For athletic spending versus success, we found a positive correlation every year between money spent and total Directors’ Cup points. As can be seen by the data below, for every year the slope for the best fit line falls between 66 and 75, showing that for every million dollars an average athletic program spends, it can expect to gain roughly 60-75 Directors’ Cup Points across all Division II conferences for which we have data.
That being said, most of the R2 are about .40. Therefore, it would be tough to say that the relationship between spending and success is exactly linear.
The graphs below shows each year’s total spending on Directors’ Cup Sports versus Directors’ Cup Success:
2011 Points= 66.88(Directors’ Cup Expenses in Millions)-21.70
Points= 65.30(Expenses in Millions)+3.15
Points= 74.76(Expenses in Millions)-11.77
Points= 74.96(Expenses in Millions)-19.49
The second way we looked at the Directors’ Cup success was to isolate the Top 10 teams in our most recent data (2011), looking at their progressions to see if spending correlated with their ascension to the top. Specifically, we took the top 10 teams and looked for those that had made strides in athletic success in the last three years to see if there was any massive spending that happened before the move. Below is a graph of the top 10 teams and their previous finishes:
Looking at these teams, we see that Augustana in South Dakota, Grand Canyon in Arizona, and Shippensburg in Pennsylvania, all more than doubled their point totals within a few years. We next scrutinized their expense records for those years, to see if large spending increases coincided with these point doublings. The graph below shows this data:
Looking at the results, in two of the three cases—Augustana and Shippensburg—there was little to no change during this time. It would seem that these teams are not paying millions of dollars more of each point, instead finding another way to reach the elite realms of Division II. The other case—Grand Canyon—is very interesting, precisely because large spending went hand in hand with athletic success. Grand Canyon, as we have discussed previously, is in the process of moving to Division I, and it appears that from 2008-2010 their spending increased dramatically, producing serious results in 2011—to the tune of 636 points and an 8th place finish in the Directors’ Cup.
In conclusion, more often than not there is little linear correlation between spending and future athletic success, using Directors’ Cup points as a metric for that success. Even amongst the big spenders, there is not a direct linear path to success.

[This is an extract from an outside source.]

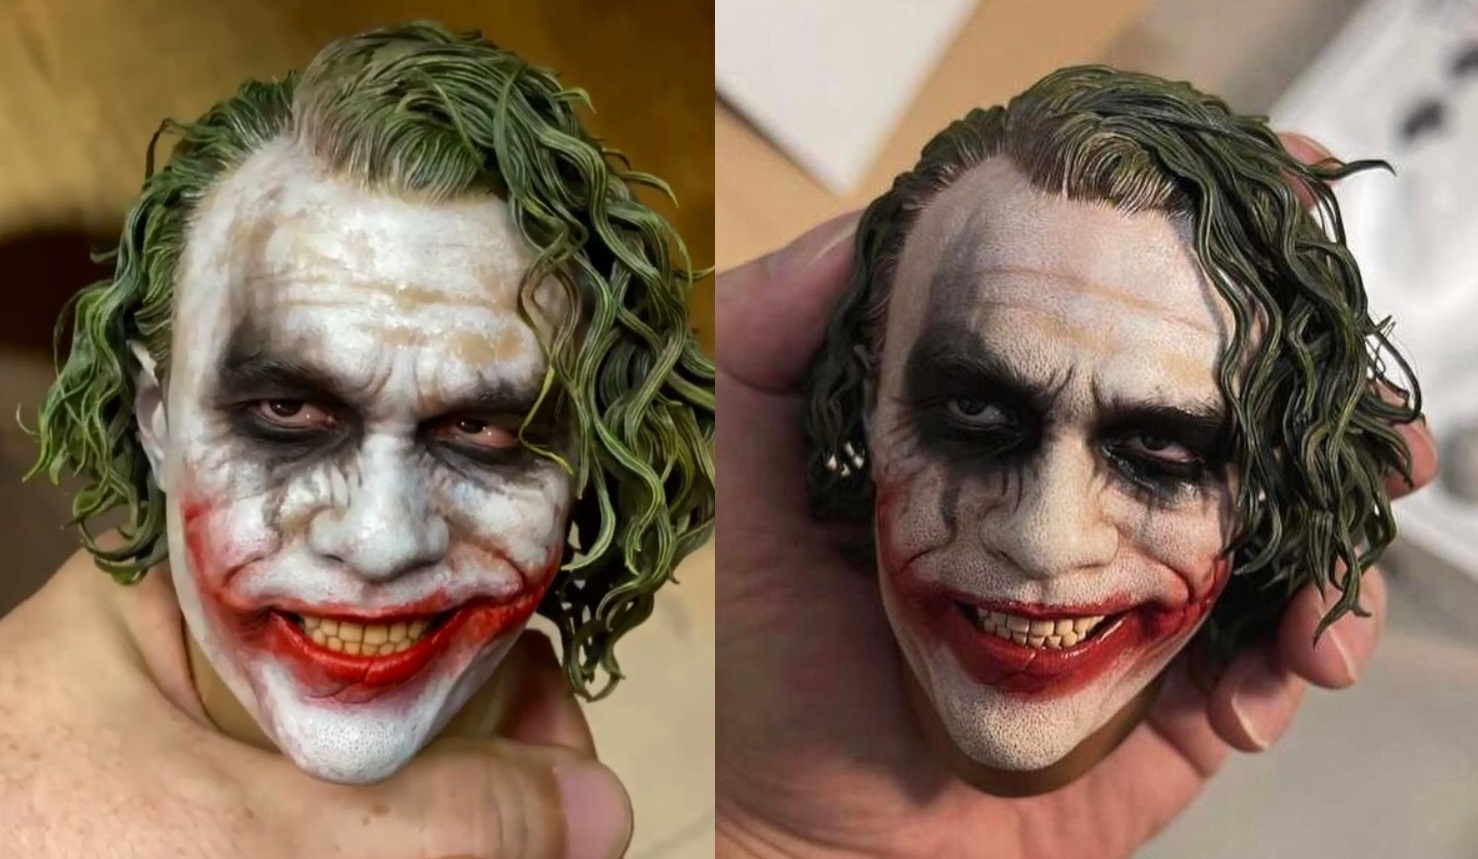 Prime-1-Studio-Joker-Comparison.jpg
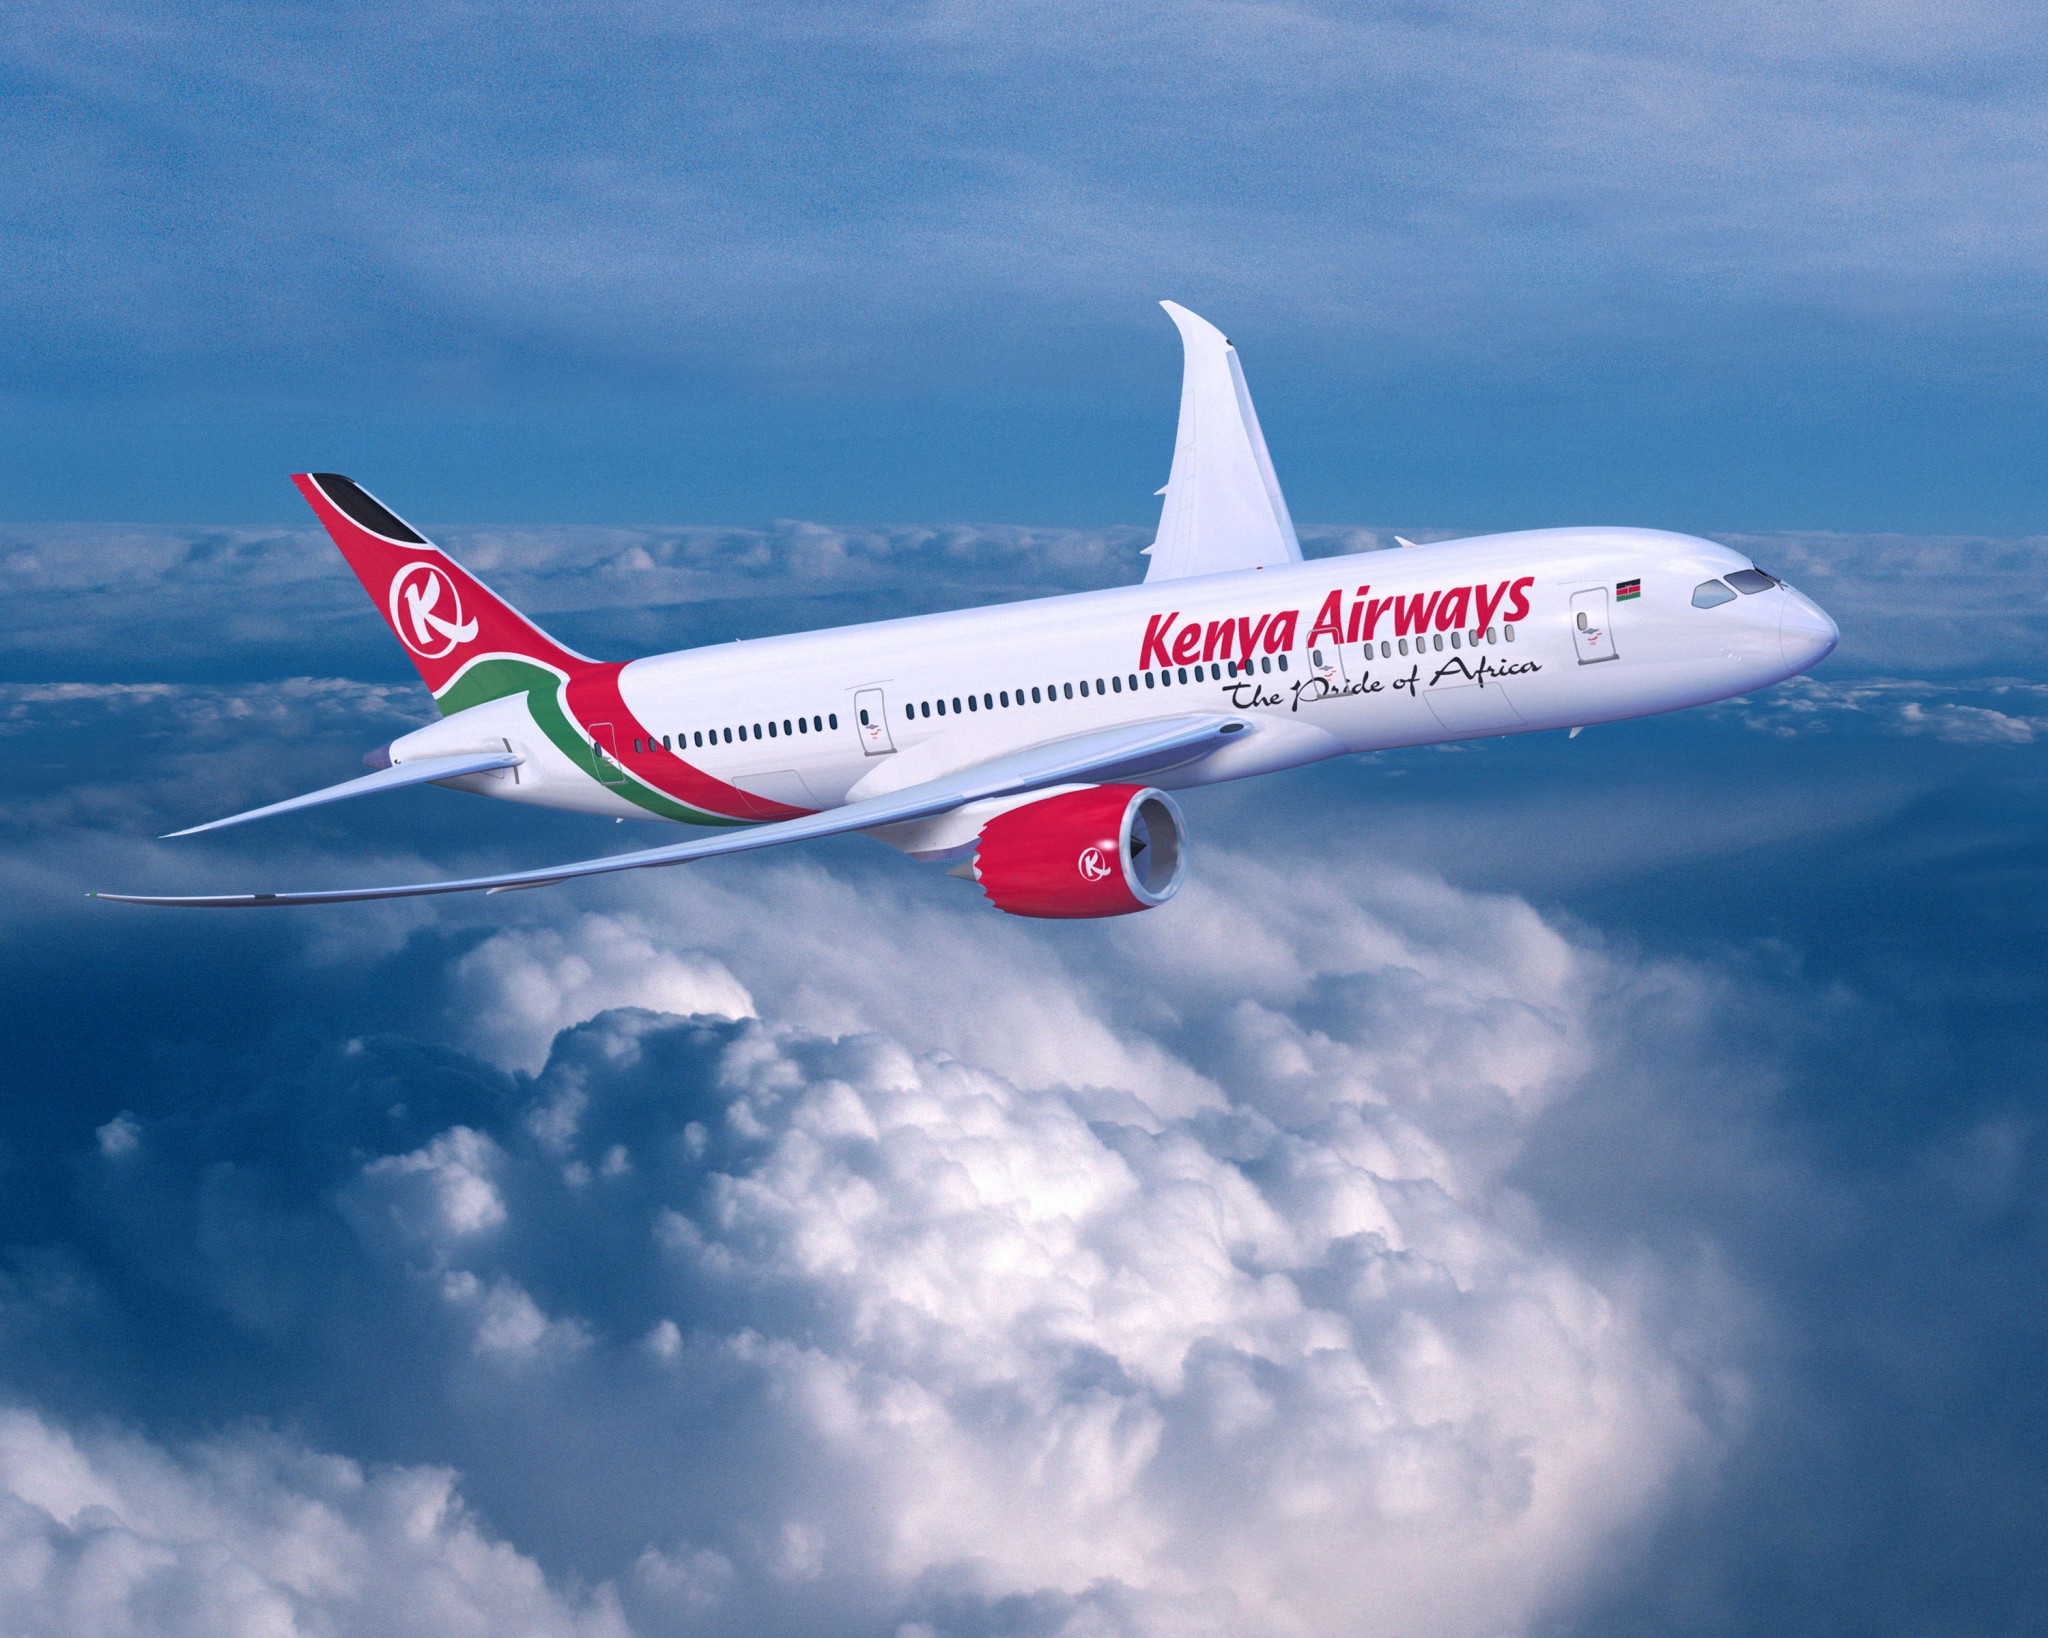 Kenya Airways celebrates 40 years of operation

That being said, as we look into the top 10 programs in the Directors’ Cup in 2011, we see that at least one of those top programs was able to double their Directors’ Cup points directly after a huge spending increase—in addition to a move to Division I. This may have been the cause of a conscious effort by the athletic director to beef up the quality of athletics in anticipation of this move, but, it could also just be many sports coming together at the right time. Despite the fact that it would be difficult to state that greater spending is directly responsible for greater success, Grand Canyon has shown that, while not a trend, such achievement is definitely a possibility.